Revises and reorganizes the subsection ”MA - When Does Transfer Penalty Begin?” to reflect the changes for enrollees who made transfers on or after February 8, 2006, that were reported or discovered on or after July 1, 2007. These changes were previously announced in bulletin #07-21-05.

l  Section 19.40.40 - Multiple Transfers.

Adds a step under MA for multiple transfers made on or after February 8, 2006, and changes the last example to match the new instructions. This procedure was previously clarified in the teleconference Q & A.

l  Section 19.40.50 - Archived Transfer Information.

Moves material from section 19.40.05, Transfer Penalty Exceptions, on one-time spousal transfers allowed when a spouse resided in an LTCF before October 1, 1989, to this section.

Chapter 20 - Income

l  Section 20.05.05 - Program Provisions for Excluded Income.

Changes the words ”Exclude household provisions made directly to members of the clergy” to ”Exclude housing provided directly to members of the clergy” to clarify the policy.

l  Section 20.25 - Types of Income.

Adds a link to new section 20.25.60, Refugee Resettlement Grants.

l  Section 20.25.45 - Interest and Dividends.

Removes incorrect statement about excluding the interest portion of payments on contracts for deed and promissory notes and adds these payments to the list of interest payments counted as unearned income under ”MA Method B.”

l  Section 20.25.60 - Refugee Resettlement Grants.

This new section adds policy on how to treat refugee resettlement grants for health care program eligibility.

Chapter 22 - Standards and Guidelines

l  Section 22.45 - Long-Term Care (LTC) Allowances.

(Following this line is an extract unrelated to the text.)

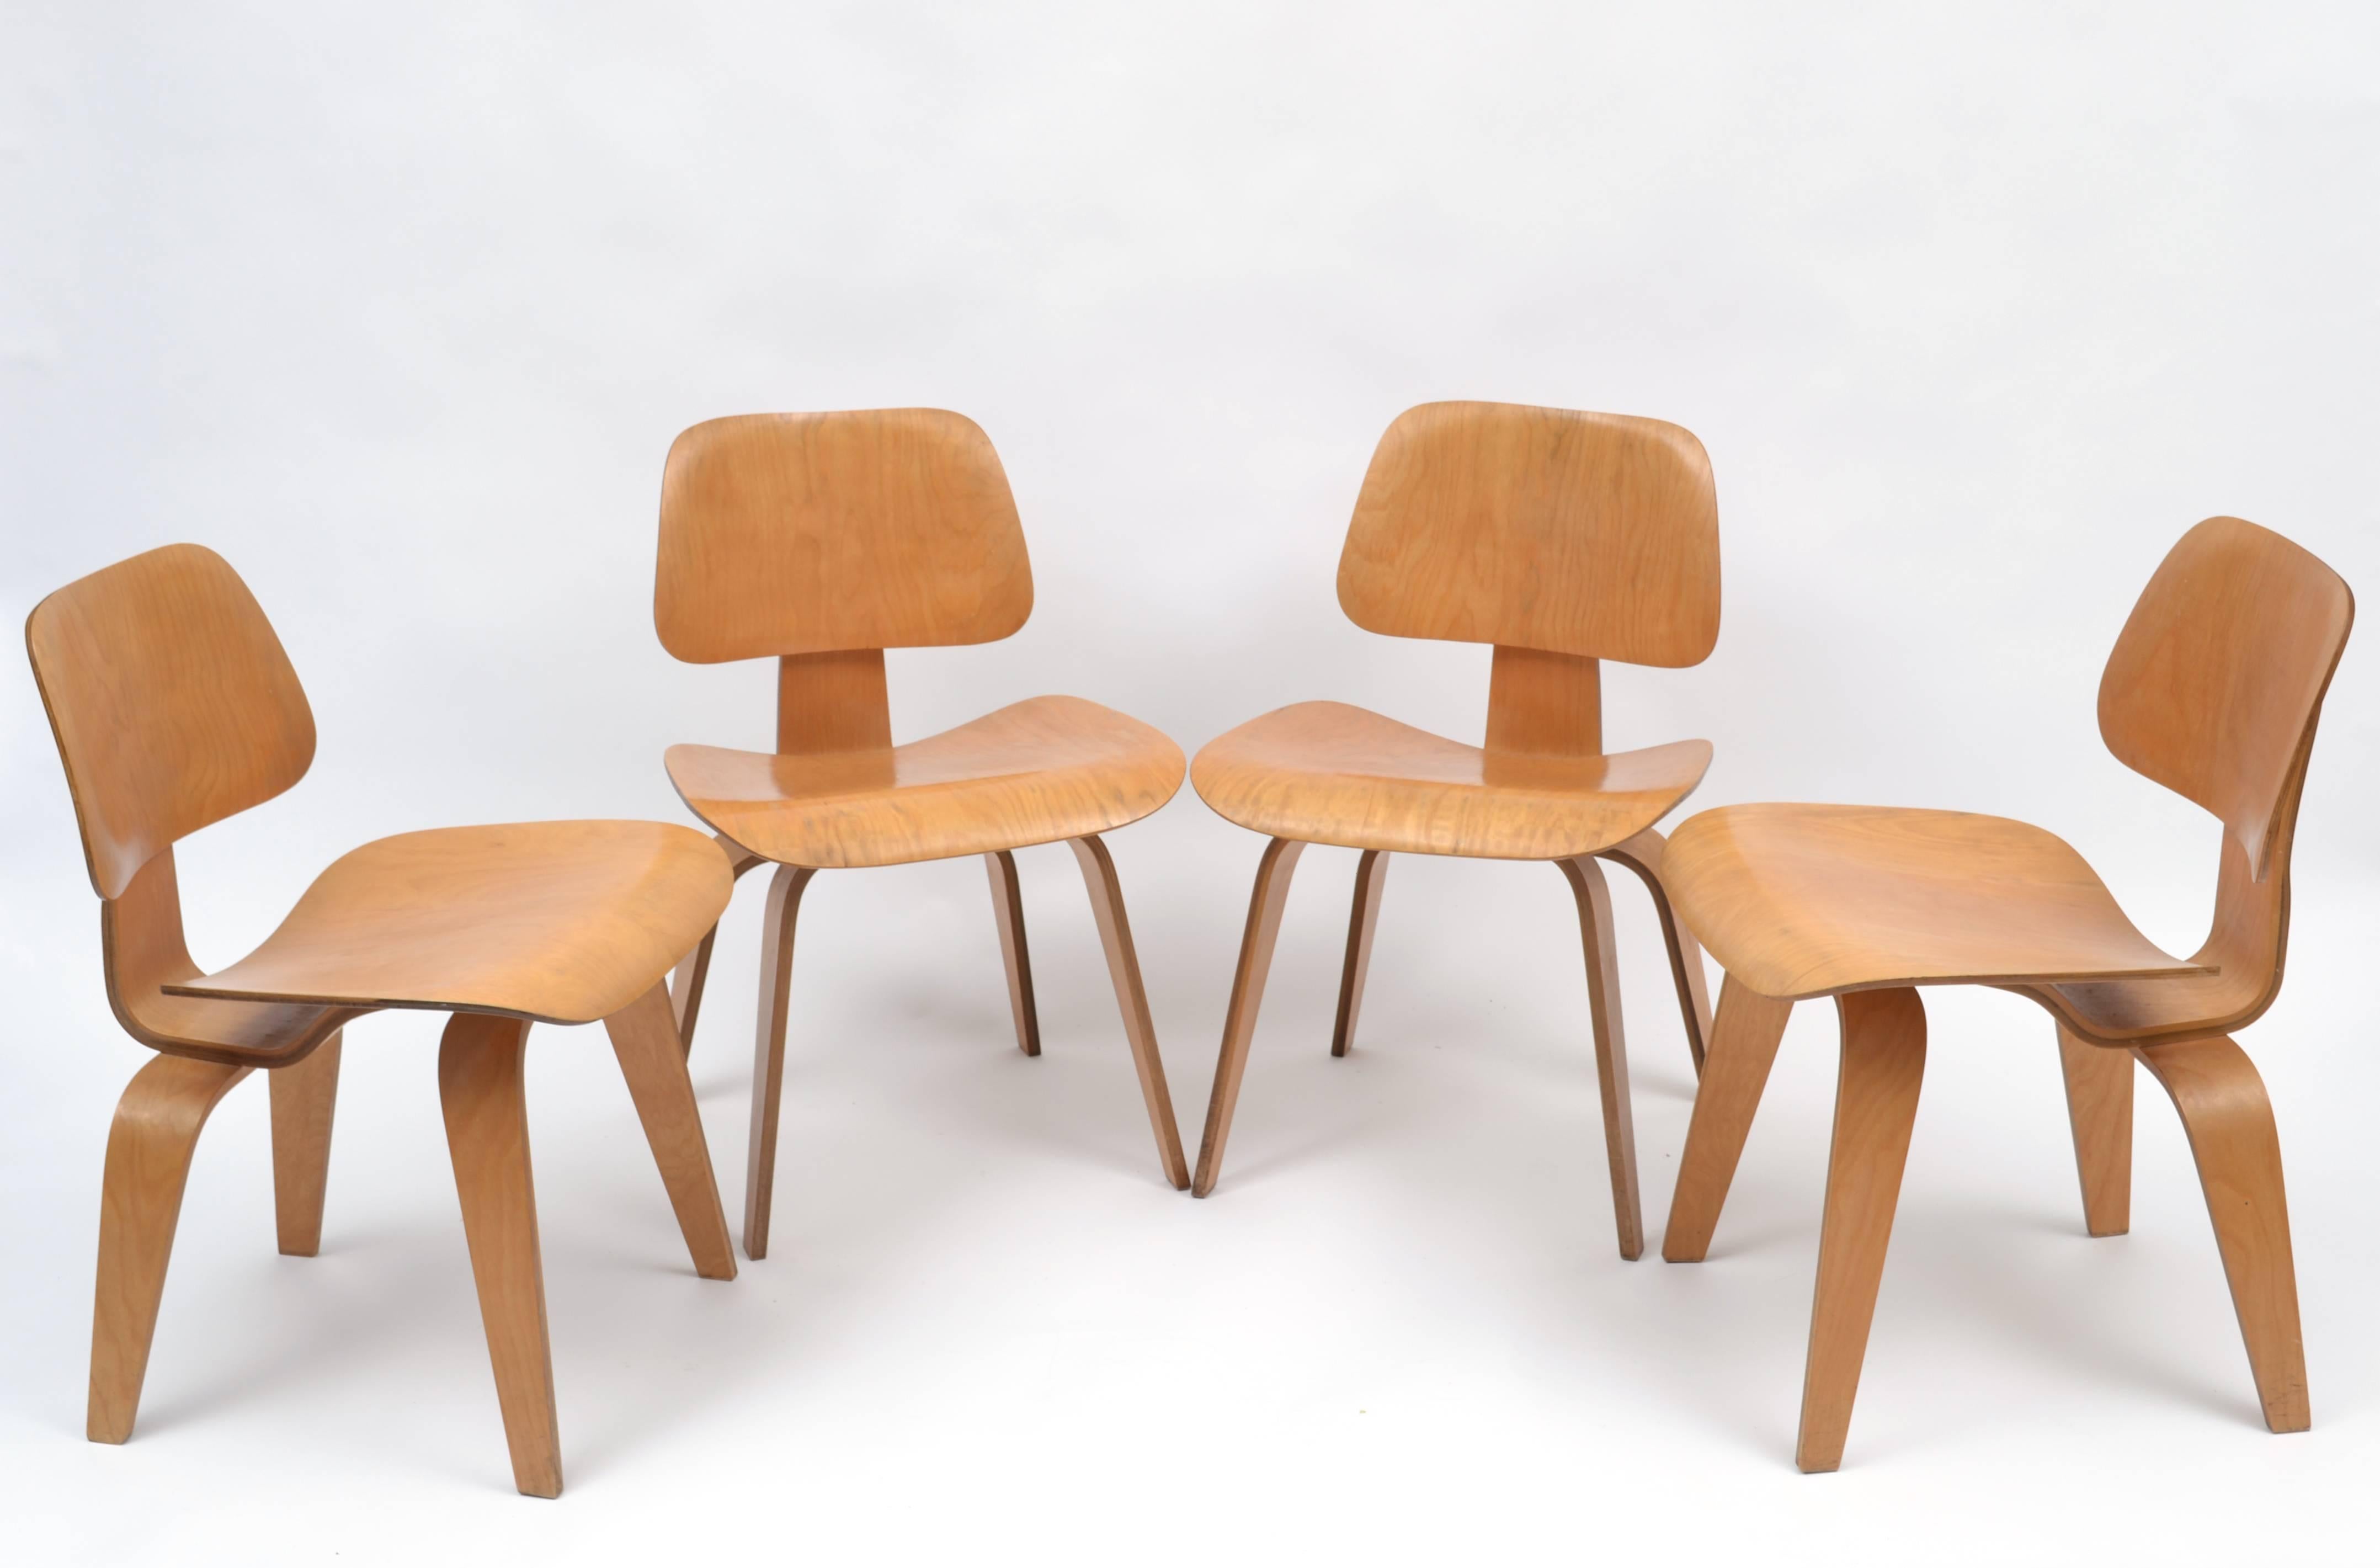 Rare matching Birch Eames DTW-1 (Dining Table Wood) and four DCW's (Dining Chair Wood). The set is all original and in remarkable condition considering it was used daily since it's purchase by the original owner's in the late 1940s. This is a great

Updates the phone standard from $25 to $24. This standard is used in spousal allocations instead of the standard utility allowance when the spouse is not responsible for heating or cooling costs. There is no change to the $75 standard allowed for electricity in these cases.

Workers should identify and update budgets for those affected when processing an application or processing renewals on or after October 1, 2007. This change was first announced in MAXIS e-mail 7378813 dated September 19, 2007.

Chapter 23 - Long-Term Care (LTC) and Elderly Waiver (EW)

l  Section 23.40.45 - Health Insurance Premium Deduction for LTC.

Changes the name of the section from ”LTC Insurance Premium Deduction” to ”Health Insurance Premium Deduction for LTC” to clarify that this deduction applies to premiums for health insurance, and not long-term care insurance, policies.